稍后,阿牛用杨排风的手机拨打程灵素的电话,结果仍然如此。
与同伴失去联系,同时也没有发现失踪者的任何线索,于是他们只得按照原订计划通过楼梯走下去,直达负一层。
太平间外面空无一人,异常安静。
阿牛拿出配好的钥匙开了门,带领两位协管员进入其中。
熟悉的味道扑面而来,非常难闻。
一具年青男性的尸体站在门口,看到身穿制服的人出现,尸体立即跪下,似乎有事相求。
它的脸灰中带紫,眼神迷茫,鼻腔里的粘液流出来,挂在上唇。
李沉舟生平第一次看到如此刺激的情景,虽然早有思想准备,却还是受惊不浅,缩到了杨排风身后,颤抖得厉害,一句话也说不出来。

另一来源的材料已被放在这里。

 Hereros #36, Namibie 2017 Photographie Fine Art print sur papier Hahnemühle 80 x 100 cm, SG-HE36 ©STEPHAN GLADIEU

阿牛表现得很镇定,用诚恳而友善的语气向男尸发问:“有什么事需要帮忙吗?”
男尸把手指捅进自己腹部的伤口内,沾上一些血污,然后在地上写字,由于颜料有限,一个‘杀’字没写完就指尖的血污就已经干涸。
“你想告诉我是谁害了你么?”阿牛问。
男尸缓缓点头。
杨排风摸出一只碳素笔,递到男尸手里。
由于手指很僵硬,笔掉下。
阿牛弯腰拾起笔,放到男尸的食指与中指之间。
男尸站起来,走到墙壁前,往雪白的墙面上写字。
字迹歪歪斜斜,比幼儿园小班的娃娃写得更难看,但是能够辨认出来。
‘我受骗做心脏手术,结果器官被偷走,被害死了’
秘密
杨排风抓耳挠腮,表情显得十分紧张。
阿牛拿起手机,拍摄了尸体的面部特定,然后是肢体动作,最后拍了墙壁上的字。
李沉舟在背后小声嘀咕:“这下糟糕了,咱们知道了不应该泄露出来的大秘密,弄不好会被灭口,这年头跟有钱人作对肯定没好下场,人家随便拨几根毛就能够砸死咱们。”

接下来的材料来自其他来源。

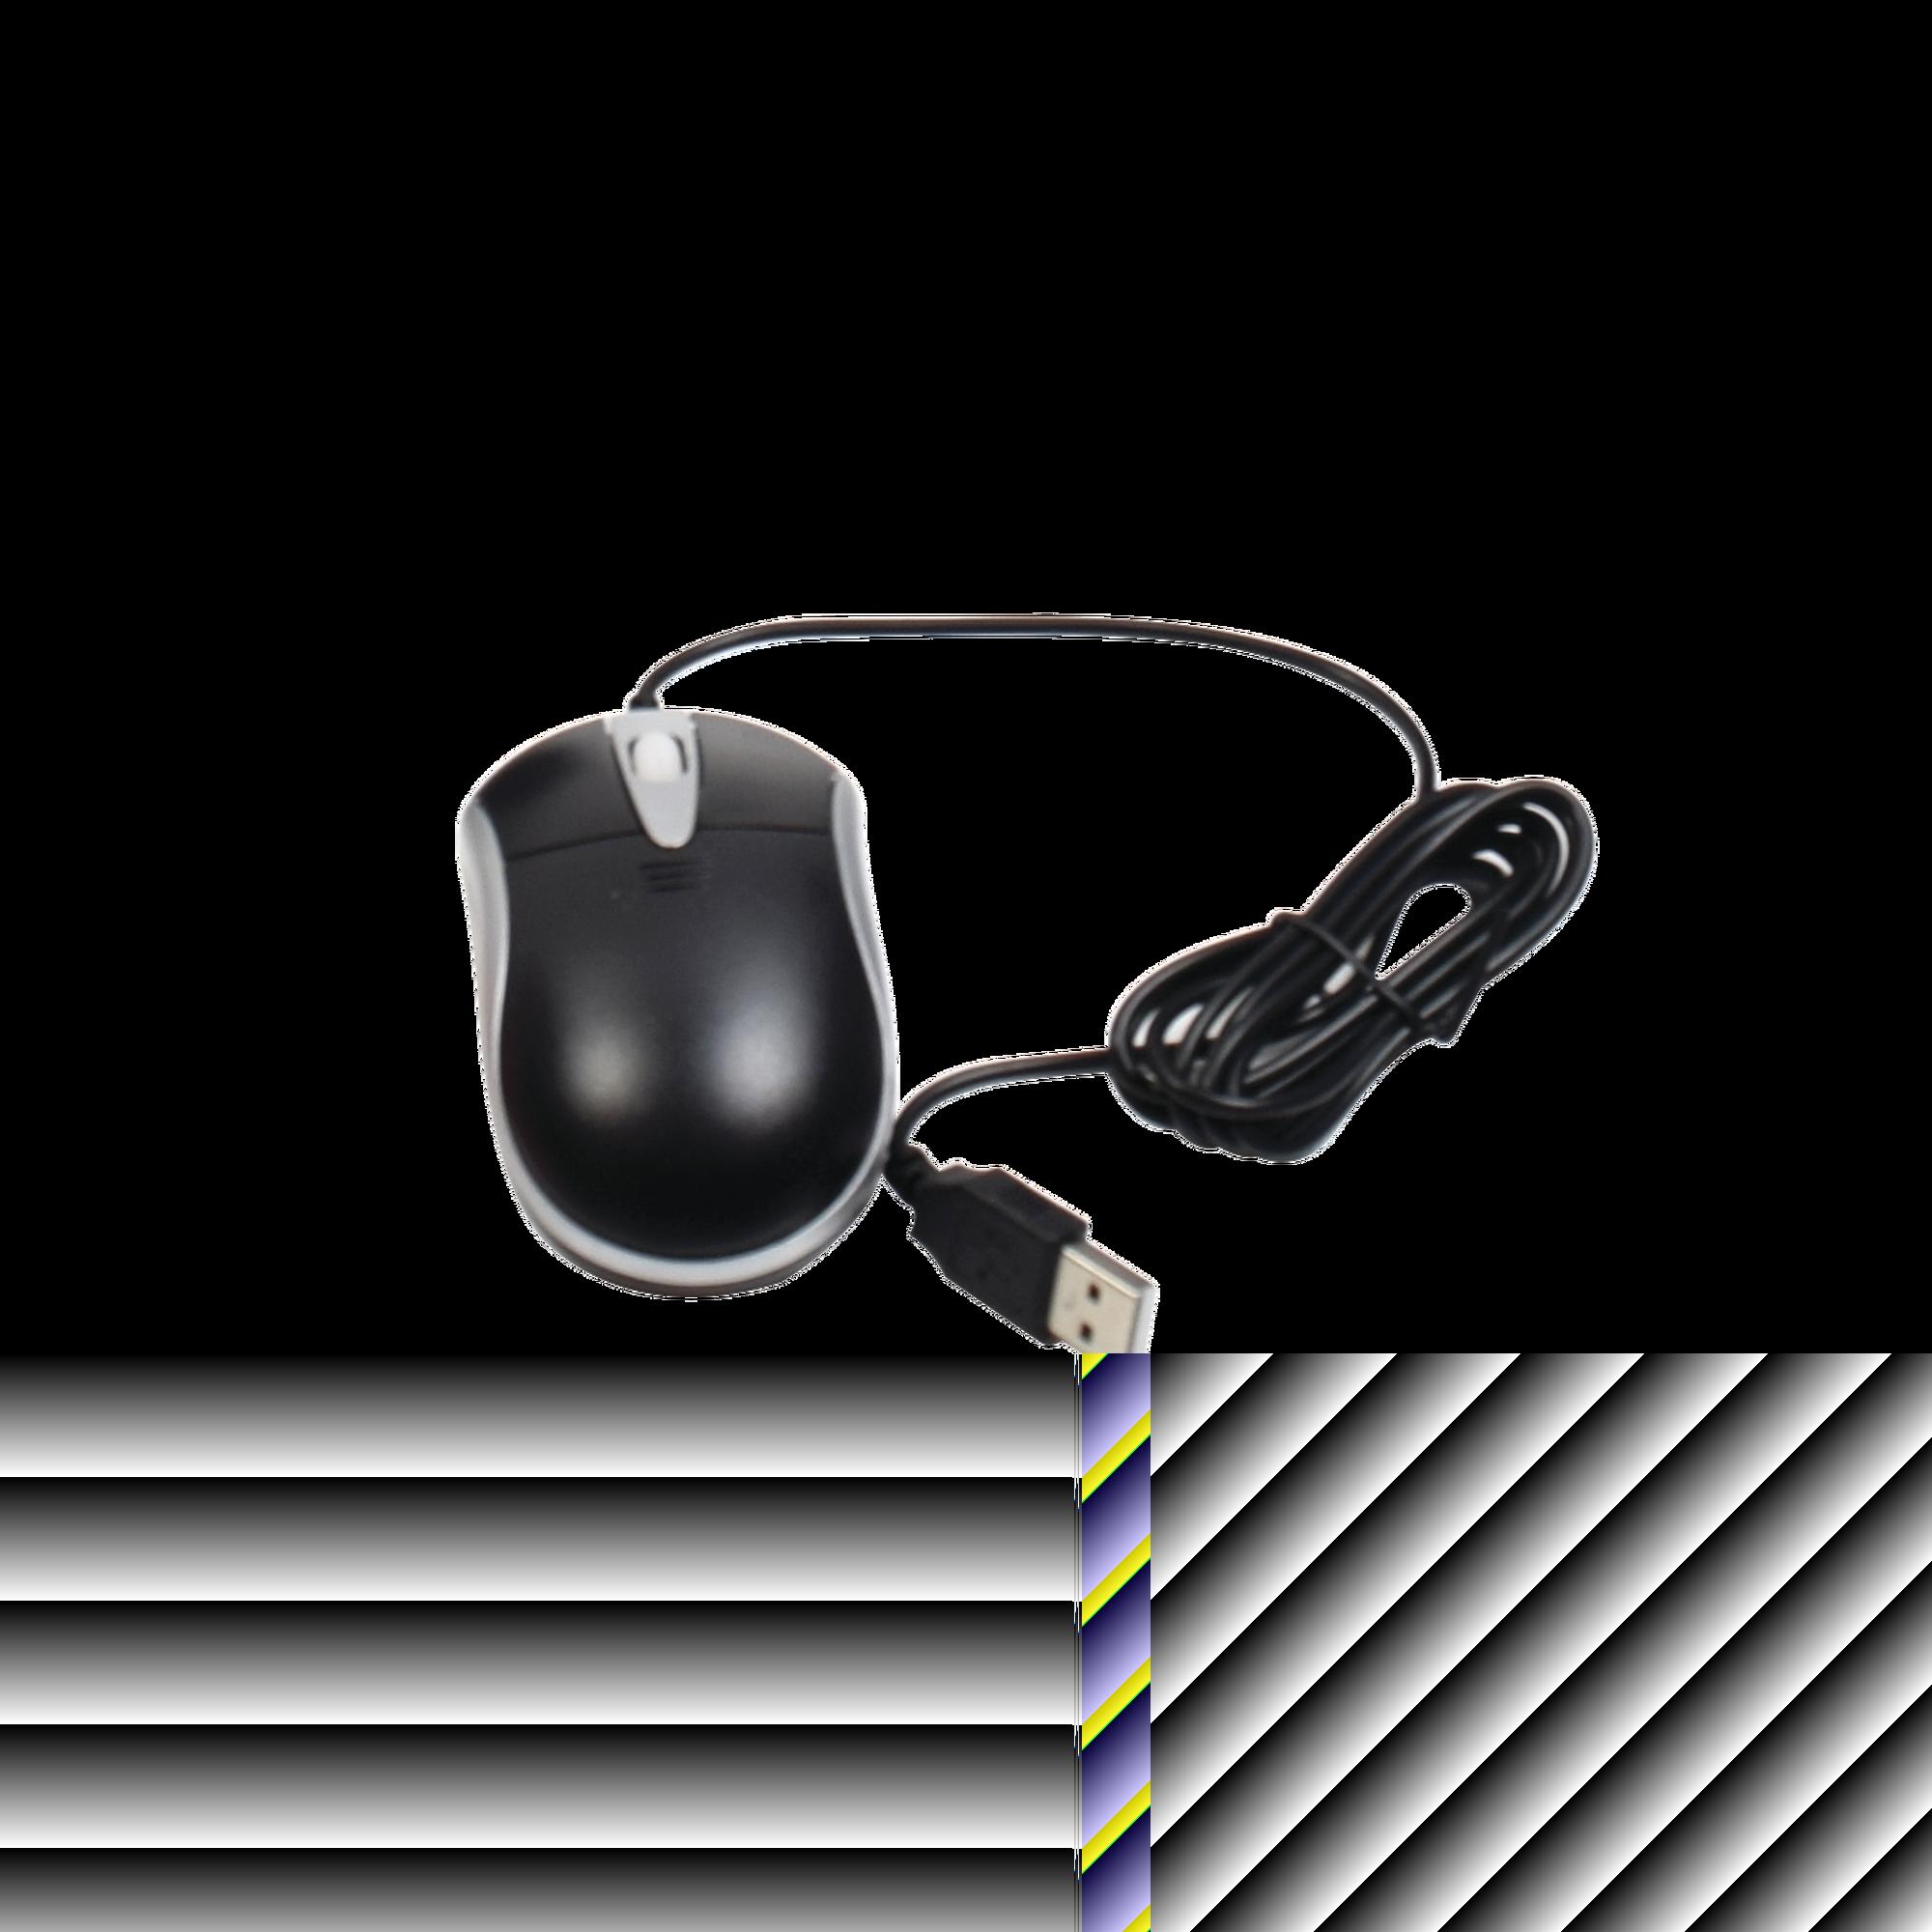 Mouse original USB para DVR / NVR / Compatible con todas las marcas del mercado / SAMSUNG / ACTi / HIKVISION / epcom / IDIS

阿牛说:“早告诉过你们,这里有重大犯罪行为,现在相信了吧。”
“我只想找到你那个失踪的朋友,并没有想当与邪恶势力作斗争的悲剧英雄。”李沉舟说。
“我也只想找到失踪的朋友,至于其它的事——反正我一辈子都不会进这家医院看病的。”阿牛说。
尸体写完一行字之后再次跪下,呆滞的目光迎向两位治安协管员。
“老大,你别跪了行不,我听说被死掉的东西行跪拜大礼是大凶之事,你别害我们啊。”杨排风苦着脸说。
“有这种说法?那么我们被它跪了两次,岂不得麻烦大了?”李沉舟苦着脸说。
“当年我在村子里的时候听老人说,死掉的东西如果跪在自己面前,那么一定得帮忙完成其心愿,否则的话就会倒大霉。”杨排风说。
“那怎么办?要不要赶紧把它拖起来?”李沉舟问。
“已经跪过了,就算立即拖起来也不行。”杨排风说。
阿牛闻言立即闪到一边,以此逃避这个受不起的跪拜。